Wash Robinson was born in Old Mexico, as nearly as he remembers, about the year 1840. When quite a boy, he was stolen by the Navaho Indians. When he was nearly grown, he was sold by them to the Pueblos. After having been with them for some time, he left, and went to the Wichita Mountains. He was next taken prisoner at the battle of Big Frame on the Santa Fe Trail, and taken to Washington.

He could talk no English at all, but he was proficient in Spanish and in several Indian tongues. He didn't know what his English name was, or even what his right name was in Spanish, so he was named George Washington. After having been kept for some time as a prisoner of war, he gave his parole, and enlisted in the United States army. He was put in a colored company, and soon learned to talk English. As there were already four George Washington in his company, his name was changed to Wash Robinson, by which he is still known.


Wash Robinson

In 1869 he came to Fort Reno with his company, and participated in most of the raids after Indians, and took part in the efforts to drive the Sooners out of Oklahoma. Having been raised by the Indians, he was thoroughly conversant with all their manners and customs, so that he was a very valuable scout.

On one occasion, when engaged in putting Oklahomans out of the country, as Wash Robinson tells the story himself, he met the well-known Captain Payne, who had come in from Kansas with about fifty families and had settled on the south side of the Seminole River in old Oklahoma proper. Payne and his men had thrown up breastworks and were prepared for a siege. They said they would die before they would leave the country.

Colonel Grayson was ordered from Fort Reno with two companies of soldiers to put them out.
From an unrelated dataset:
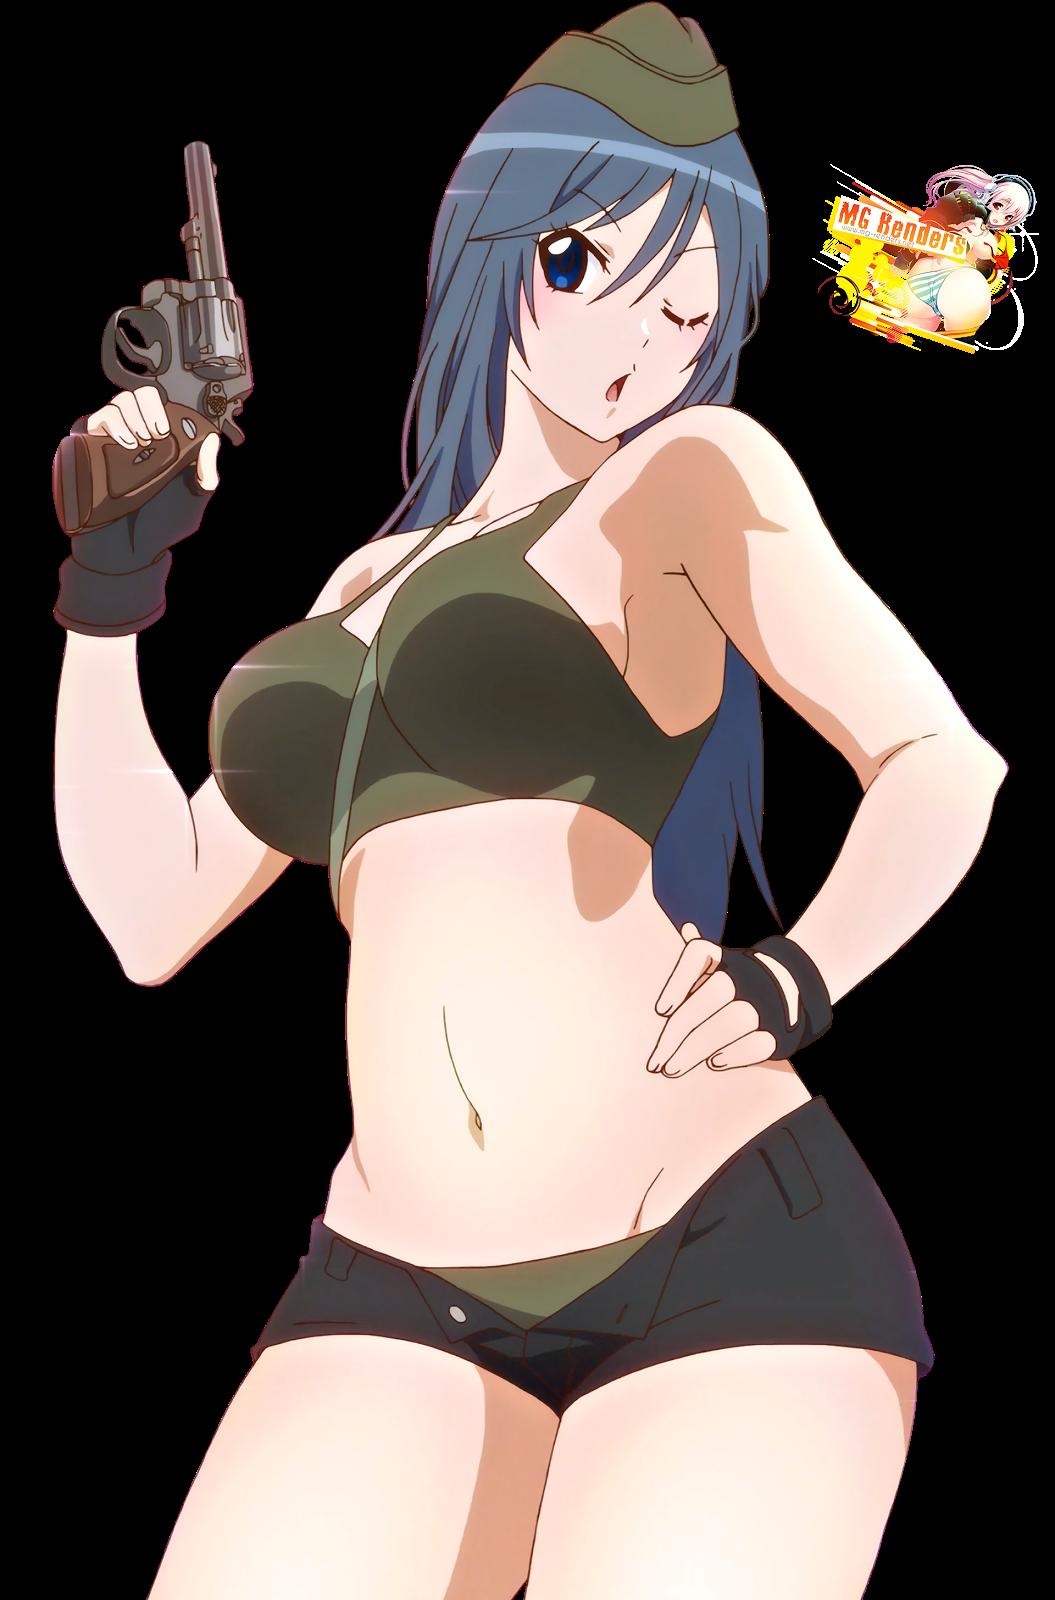 Tags: Anime, Render,  Kyoudou Maya,  Sabagebu!, PNG, Image, Picture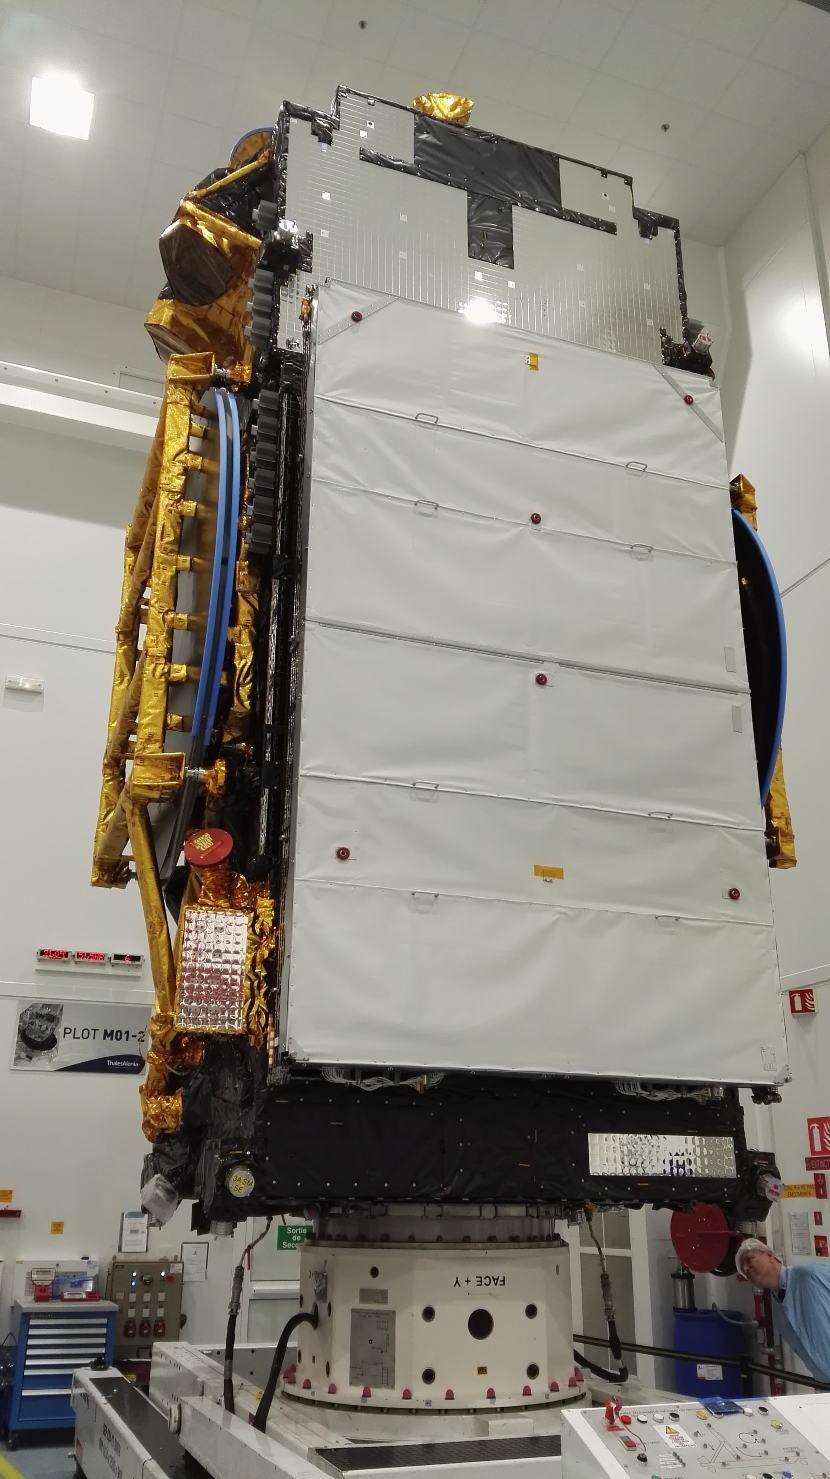 Le satellite SGDC prêt au départ pour la Guyane

A cowboy working for Campbell, a big cattleman in that country in those days, saw the soldiers coming and warned the Sooners, with whom he had become acquainted.

"All right," said Captain Payne, when the warning had been given him, "let them come." The boomers collected inside their fort and prepared for battle. When the soldiers arrived at the breastwork they went into camp. Colonel Grayson went over to see Captain Payne, who told the colonel to pitch whenever he got ready. The colonel laughed and said he wasn't quite ready for a fight; that he didn't propose to cause any bloodshed unless it was absolutely necessary.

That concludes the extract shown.